As I write this, I have a warm, sleeping baby pressed to my chest. Her head is rested gently to the side and her eyes are flickering as she lets herself fall into a slumbering dream land. I could stay like this forever, with my baby against me and the rhythm of her breathing pressing into my heart. I could listen to her noises forever. I could hold this weight forever.
My son’s entrance into this word is the very reason why this blog exists and also the reason why babywearing is so very important to me. I hadn’t done it with his older sister. Oh, we had plenty of skin to skin contact and she was exclusively breastfed for seven months… but she missed out on this one. I had never considered babywearing until my sister in law told me she wanted to buy me a sling for the new baby. Her own children had been born early, her youngest at 30 weeks and she researched the importance of babywearing and Kangaroo care. Her generosity perhaps helped to save my son and I.
After his birth, I was plunged into a pit of despair. Until you’re having trouble accepting that the screeching baby they’re handing to you is actually yours, I’m not sure I will ever be able to describe that feeling to you. And he kept on screaming, distraught at life and frustrated with pain. When he was three days old, I picked up the sling.

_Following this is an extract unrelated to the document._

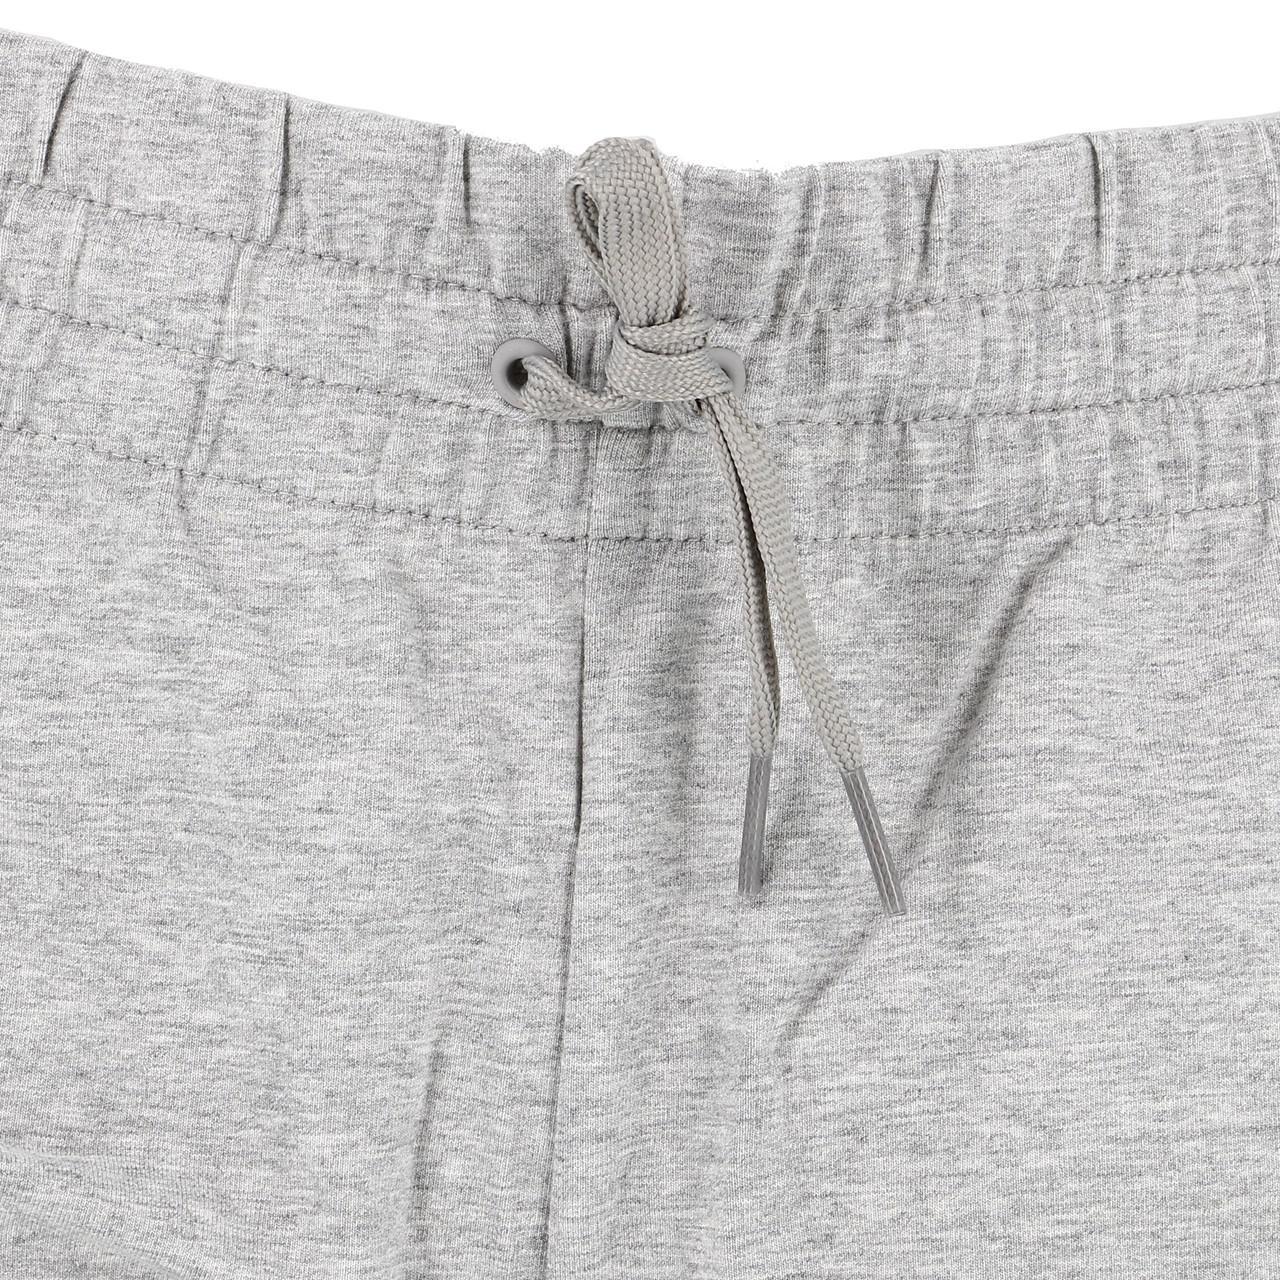 Shorts-Bermuda-Adidas-E-Aop-Grau-Ch-Shorts-L-Grau-18259-Neu Indexbild 4
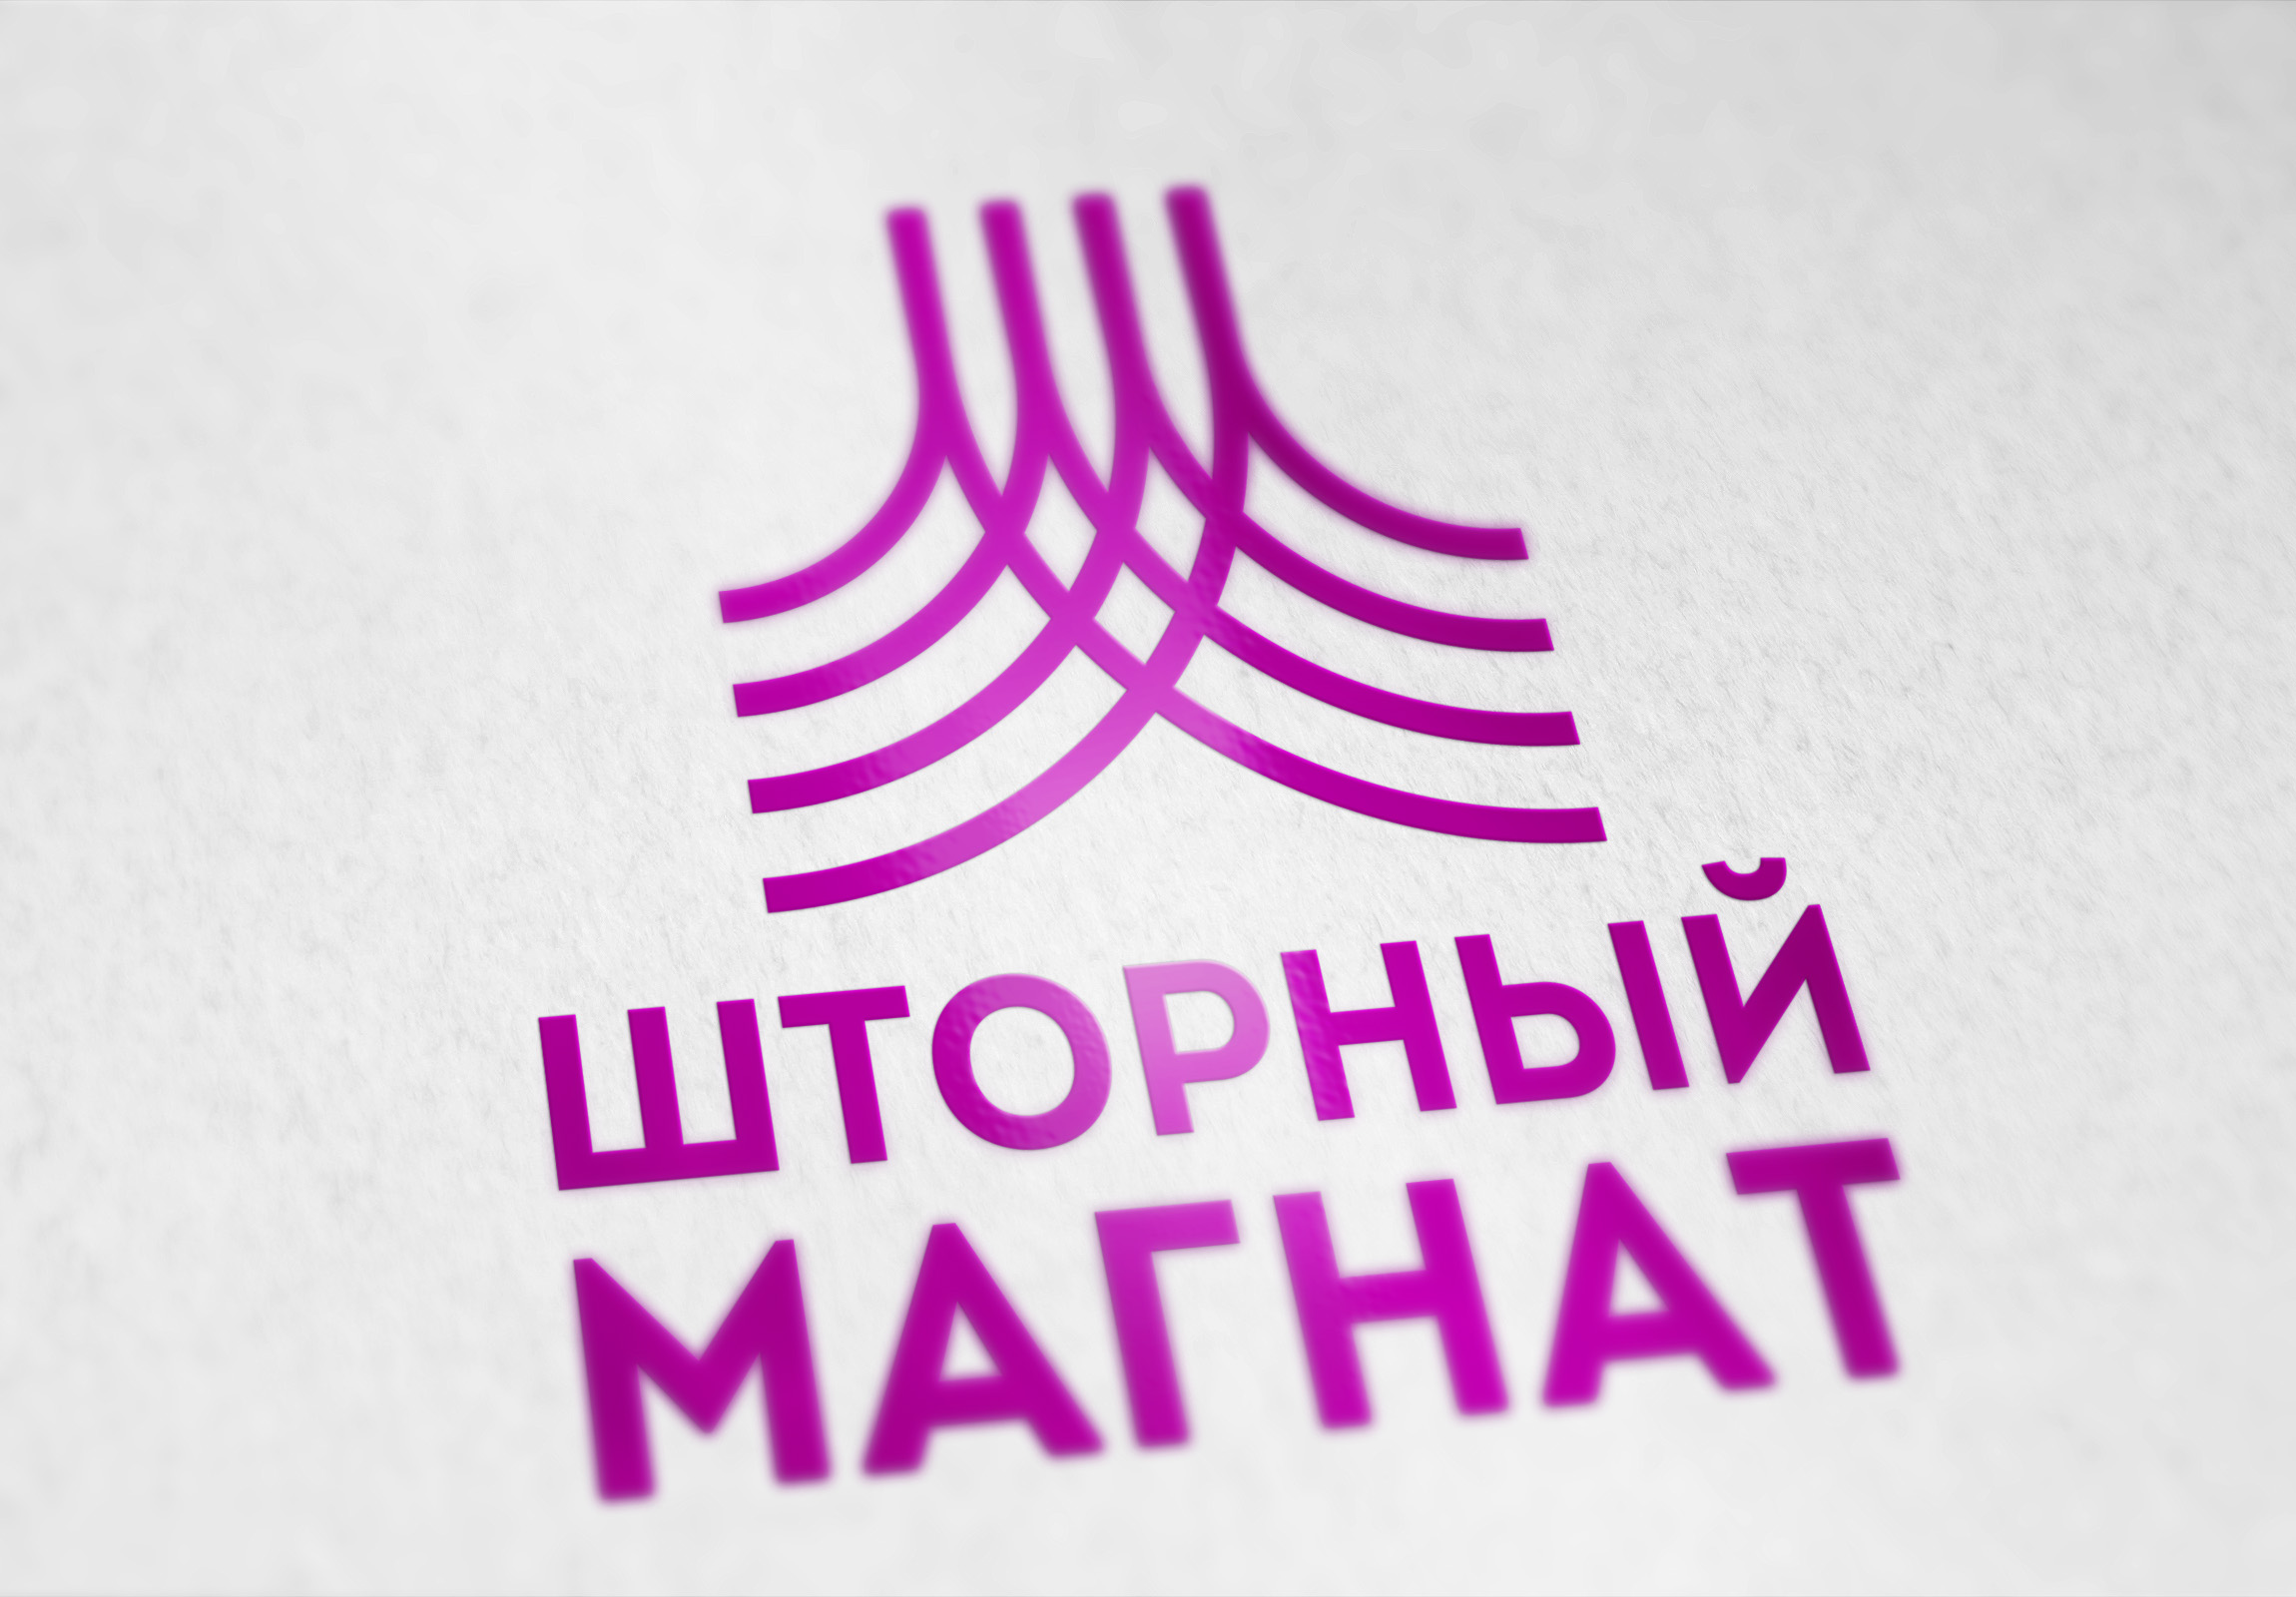 Логотип и фирменный стиль для магазина тканей. фото f_7025cd944bfee2bf.jpg

I didn’t really know what to do with it, so I put it back again and carried on without it. A week passed. Christmas Eve rolled around and I reached a bit of a breaking point. My health visitor came to see me and I broke down in tears at the mere mention of his birth. oh my goodness, I was not ok. I was a mess. I was carrying a solid ball of steel in my stomach and I was not coping with this bundle of anger in my arms. Again, I picked up the sling.
My son was twelve days old on Christmas day and we spent much of that day babywearing. The transformation was not instant, but he did sleep. Being in the sling helped to keep him upright and more comfortable. Being the in the sling helped to keep him near me (and although I resented this at first, I now realise how important that was). Being in the sling allowed me to look at him. I mean, really look at him.
He stayed in the sling until he was nearly 18 months. On my chest at first, and then on my hip. We went everywhere together as we learned how to be together. And yes, I think that babywearing helped to save my son and I.
There are many reports on the benefits of babywearing and the internet is full of stories, statistics, facts and persuasions. It may not be right for everyone, but I know it is right for me. My son and I bonded, just as my daughter and I are now bonding.